Spark external shuffle service is not enabled by default in Spark 1.5.1 and Spark 1.6.0. To enable it for one of these versions, configure it as follows:

  • Override Hadoop Configuration Variables

    Before starting a Spark cluster, pass the following Hadoop overrides to start Spark external shuffle service:

    yarn.nodemanager.aux-services=mapreduce_shuffle,spark_shuffle
    yarn.nodemanager.aux-services.spark_shuffle.class=org.apache.spark.network.yarn.YarnShuffleService
    

    See Advanced Configuration: Modifying Hadoop Cluster Settings for setting the Hadoop override configuration variables in the QDS UI.

  • Spark Configuration Variable

    Set the configuration to enable external shuffle service on a Spark application, a Spark cluster or a Spark notebook.

    Enabling External Shuffle Service on a Spark Cluster

    Set the following configuration in the Override Spark Configuration Variables text box of the cluster configuration page:

    spark-defaults.conf:
    
    spark.shuffle.service.enabled    true
    

    See Configuring a Spark Cluster for more information.

    Note

    If you set spark.shuffle.service.enabled to false, then the Spark application does not use the external shuffle service.

    Enabling External Shuffle Service on a Spark Command

    Configure the following setting as a Spark-submit option in the command/query composer while composing a Spark application:

    --conf spark.shuffle.service.enabled=true

    See Composing Spark Commands in the Analyze Page for more information.

    For example, sqlContext.sql("select count(*) from default_qubole_memetracker").collect() generates a lot of shuffle data.
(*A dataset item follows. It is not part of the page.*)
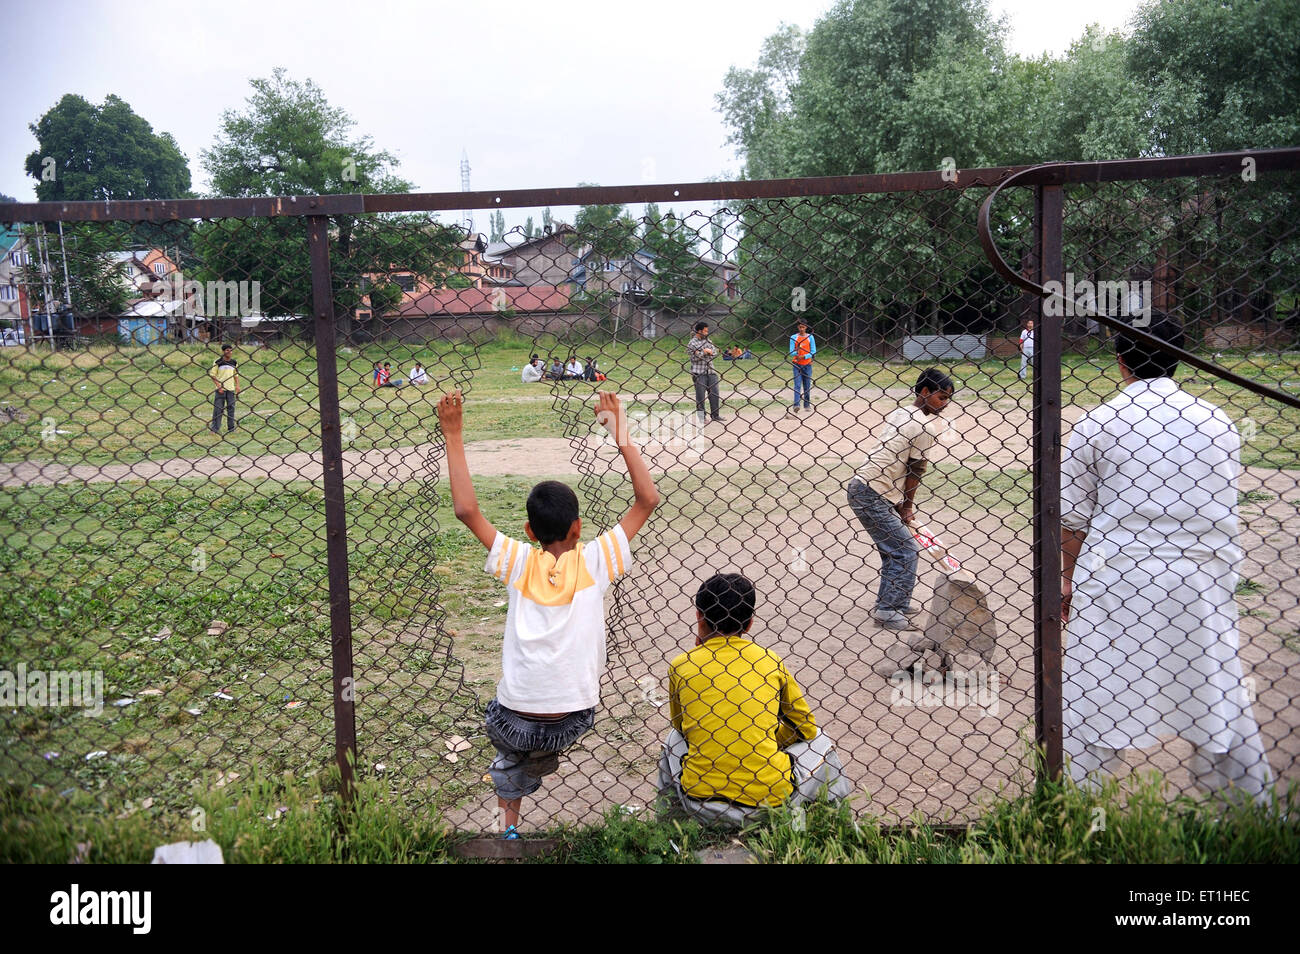 Les personnes jouant au cricket au sol, au Cachemire, au Jammu-et-Cachemire, territoire de l'Union, UT,Inde, Asie, Asie, Indien Banque D'Images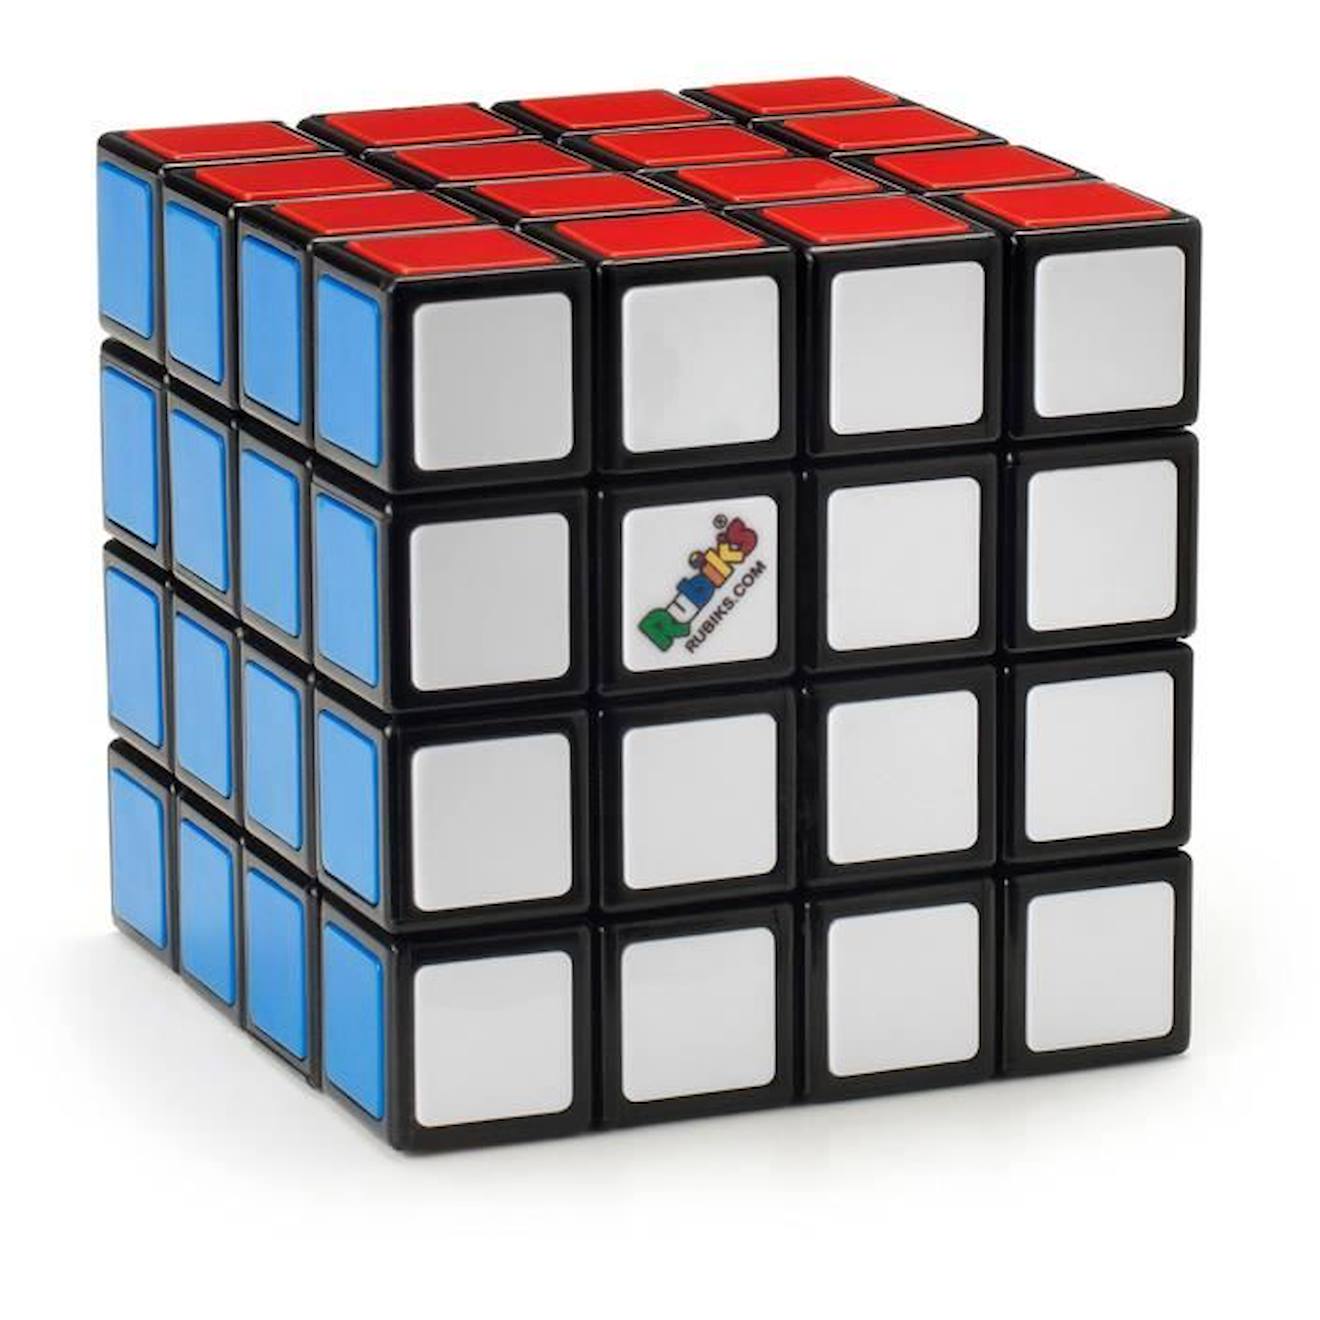 Jeu casse-tête Rubik's Cube 4x4 - RUBIK'S - Multicolore - Pour enfant de 8  ans et plus bleu - Rubik's

So, set --conf spark.shuffle.service.enabled=true in the bin/spark-shell

    Enabling External Shuffle Service on a Spark Notebook

    Add spark.shuffle.service.enabled as an interpreter setting and add its Value as true in a Spark notebook’s Interpreter. Bind the Spark Interpreter settings to the notebook that you use if it is not bound already. See Running Spark Applications in Notebooks and Understanding Spark Notebooks and Interpreters for more information.

External shuffle service logs are part of the NodeManager logs located at /media/ephemeral0/logs/yarn/yarn-nodemanager*.log. NodeManager logs are present on each worker node in the cluster.

Continuously Running Spark Streaming Applications

You can continuously run Spark streaming applications by setting the following parameters:

  • Set yarn.resourcemanager.app.timeout.minutes=-1 as an Hadoop override at the Spark cluster level.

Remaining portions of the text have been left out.